Highfield Church is a parish church in the Highfield district of Southampton, England. It is an Anglican Church in the Diocese of Winchester.

==History==
=== Early history ===
The foundation stone for Highfield Church was laid on 12 September 1846 and it was consecrated on 17 September 1847, by the Right Reverend Charles Sumner, the Bishop of Winchester. The first Minister was the Reverend Philip Raulin Robin. The legal name of the church is Christ Church, Portswood but it became commonly known as Highfield Church in 1883.

===World Wars===
During the First World War (1914–1918) quite a number of the men from the parish went to the battlefields. Within the parish boundaries about 100 acre of land were being developed for housing so a western extension was built to accommodate the extra congregation. A First World War memorial was erected near the south door in 1921.

During the Second World War (1939–1945) Southampton was bombed heavily and there were direct hits on the parish and much loss of life. Throughout this period the clergy and members of the church kept watch on the church with a stirrup pump, buckets and shovels. The windows were given a coating of a rubber solution to lessen the danger of splintering glass.

The neighbouring church of St Barnabas was destroyed in 1940 and the two churches were temporarily merged until the rebuilding of the church at St Barnabas in 1957.

In 1941 there was an air raid where incendiary bombs fell near to the church. There was no serious structural damage to the church but windows in both the east and west ends of the church were shattered and the caretaker's quarters were destroyed. Despite the roof requiring 7000 new tiles, the morning matins went ahead. The church replaced those eastern windows that were destroyed in the Blitz and these were the church's memorial to those who died in the Second World War.

=== Later history ===
The church celebrated its centenary in September 1947 with services by two previous vicars.

Windows on the East side of the church building destroyed during World War Two were replaced in 1952.

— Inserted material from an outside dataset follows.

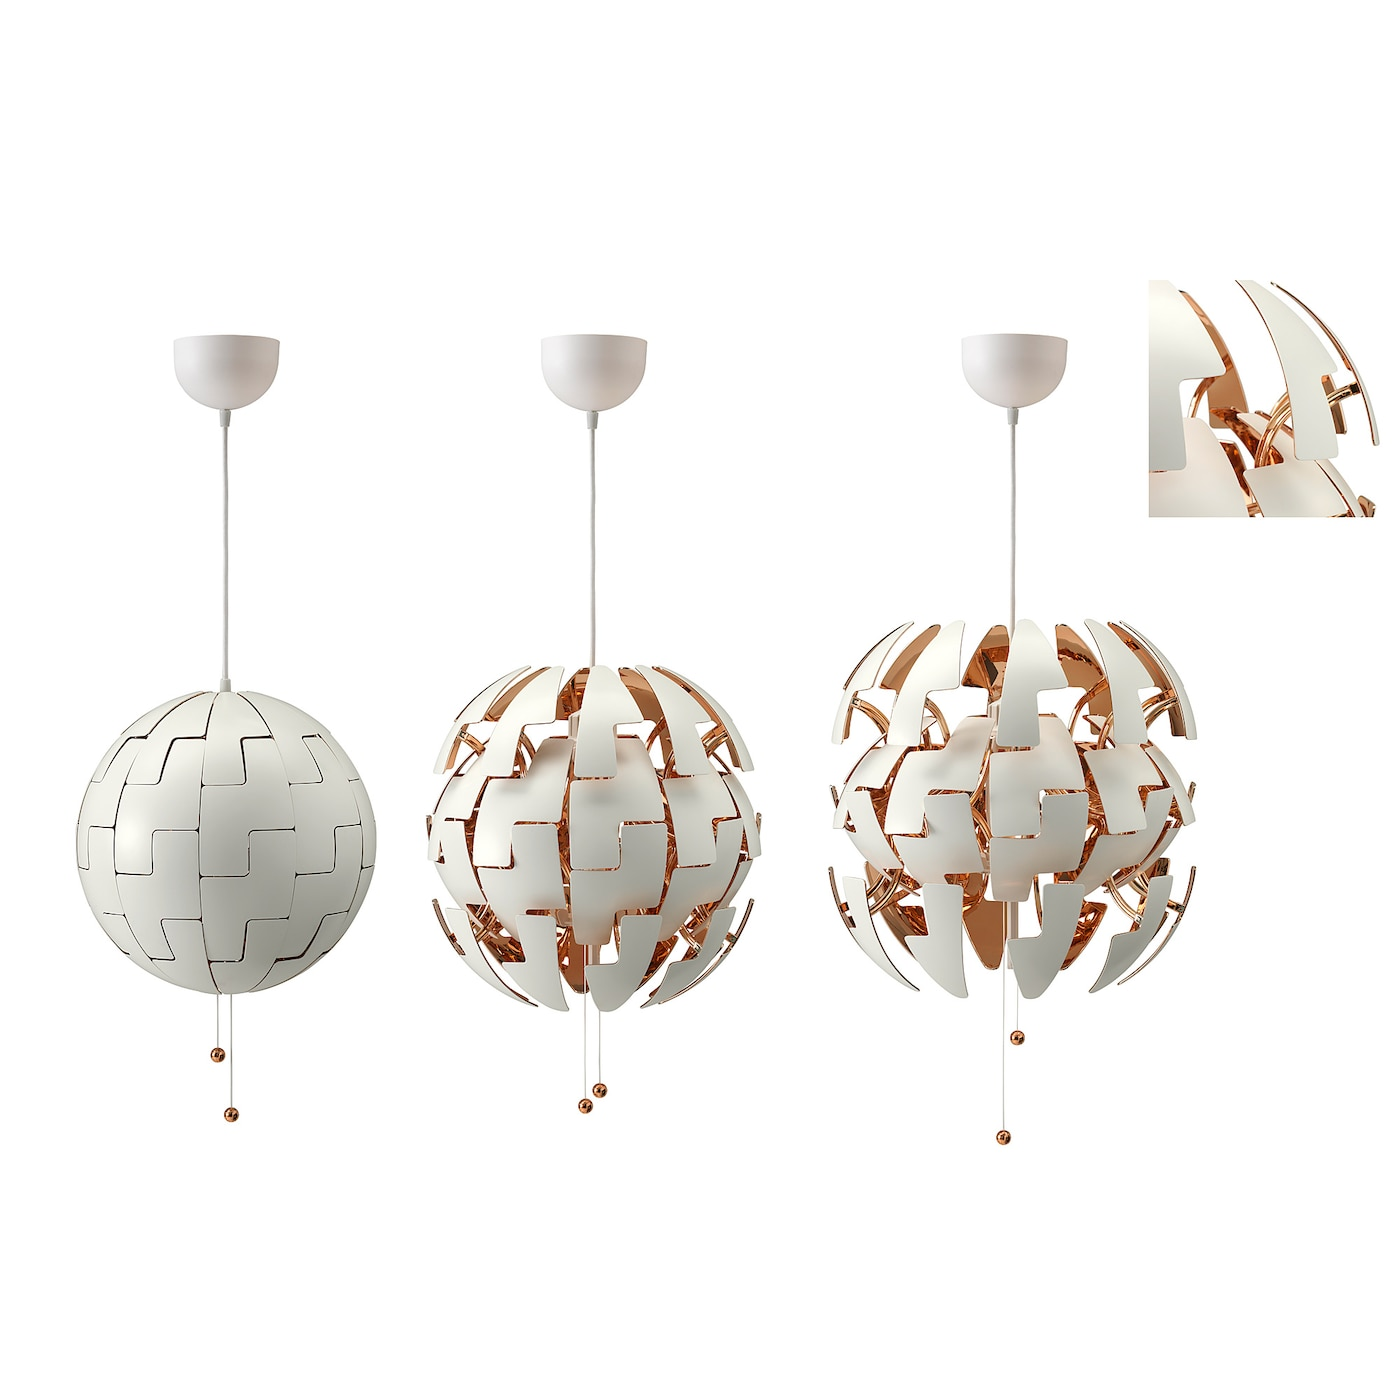 Cartina Mondo Ikea.Megtalaltam Szomszedsag Szarmazik Madzagos Mennyezeti Lampa Strathdonholidaycottage Co Uk

The church building was listed Grade II on the National Heritage List for England in October 1981.

== Architecture ==
The church originally had a nave, a small chancel with clerestory windows, a south aisle, and a tower with a broached oak shingled spire, which contained one bell. The architect was Joshua Brandon, who died before the building was completed and is buried in the churchyard. The walls of the church are of Purbeck Stone with mouldings of Caen Stone and the painted glass windows were created by Nixon and Ward.

The church has been built onto and altered many times since it was first built.

- In 1852 a parsonage was added and used as a vicarage,
- In 1855 the north aisle was added,
- In 1863 gas lighting was installed (candles had been used in the church before this time),
- In 1869 the chancel was rebuilt, the spire restored, and the windows raised,
- In 1885 gas regulators and burners were installed throughout the church,
- In 1915 the western extension was built,
- In 1921 a First World War memorial was erected near the south door,
- In 1955 a west porch was designed by Ernest Berry Webber (who was the architect of the Civic centre of Southampton) and dedicated to Sir Sidney Kimber and his son.
- In 2011, the pews were replaced with soft seating and the building renovated and updated

== Area ==

Highfield Church is at the junction of Highfield Lane and Church Lane in the Highfield area of Southampton. Next to the church is the Church Centre, which is used by the church and the community for events, for example, adult education classes. Adjacent to the church is the main Highfield campus of the University of Southampton. The Highfield Church of England School building stands next to Highfield Church.